Недаром некоторые писатели церкви, – правда, они в меньшинстве, – усматривали образ Божий в теле человека, "в котором в будущем будет облечен Иисус Христос". И наше литургическое богословие в своем чине погребении, устами св. Иоанна Дамаскина, оплакивает: "плачу и рыдаю… по образу Божию созданную нашу красоту, безобразну, бесславну", т. е. нашу тленную, "лежащую во гробах" плотскую красоту. Это не значит, что Бог есть тело ("Deus corpus est" Тертуллиана), но, что тварь имеет свое начало в безначальности Божией, что она выношена в Триедином Совете Божией Премудрости и создана рукою Божией (опять антропоморфизм!)

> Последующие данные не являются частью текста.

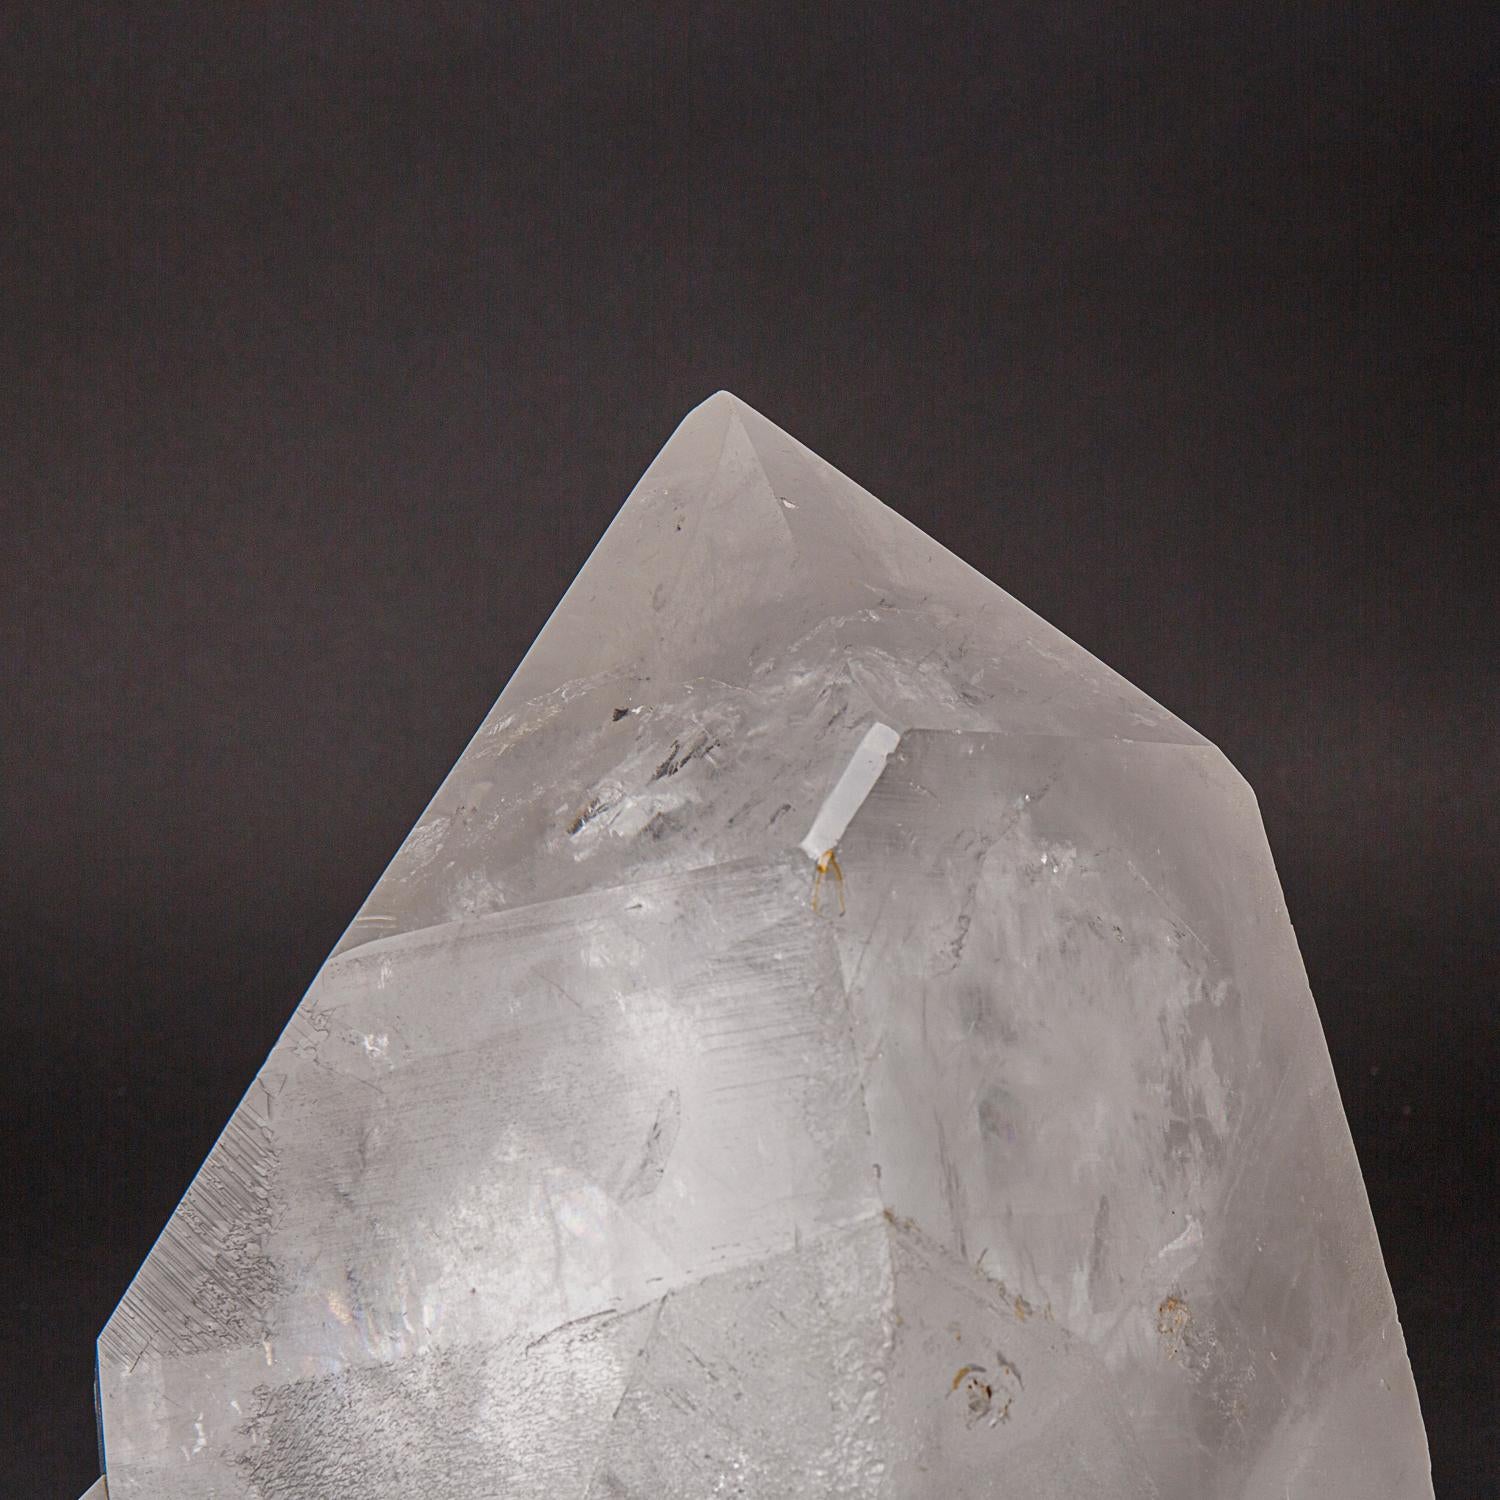 Dieser echte klare Quarzkristall Cluster Point aus Brasilien wiegt 61,5 Pfund und ist aus hochwertigen, durchsichtigen Quarzkristallen gefertigt. Mit einem vollständigen Abschluss und einer glänzenden, reflektierenden Oberfläche eignet sich dieser

Псевдо-Дионисий пишет: "сама материя, получив бытие от Истинной Красоты, сохраняет чрез все свое материальное устроение некие следы духовного благообразия, через посредство ее можно подняться до нематериальных прообразов ее". Преп. Симеон Новый Богослов, сказав о творении мира Богом, поясняет, что внутри тварей "остался тот невещественный свет, непричастный ничего из этого мира". Как под пеплом, в ней тлеет божественный огонь, она свидетельствует своим дыханием и внутренним светом о Божественном Создателе. Поэтому тварь и может одухотвориться, поэтому она вместе с нами и чает освобождения от рабства "законам природы". Она совокупно стенает (мучается родильными муками, Рим. VIII, 22), ожидая просветления. Потому то и человек может одухотвориться, что ему дано при творении нечто от Духа. Человек и духовен, а не только плотян и продан под грех. У исихаста "ум передает знаки божественной красоты и соединенному с ним телу". Тело может стать одухотворенным (1 Кор. XV, 44). В этом устроении человека "по образу" и видно отображение иного плана, видно, что человек изначально божественен, что он не только земнороден, что в нем заложено богочеловеческое, почему и своим устроением он символически говорит о Боге. При большей чуткости и прозорливости можно, всматриваясь в человека, читать символические начертания божественной руки и по нему учиться интуитивно богословствовать.

И человек этот ждет своего возвращения в вожделенное отечество, чтобы снова стать жителем рая, как о том говорит погребальный чин.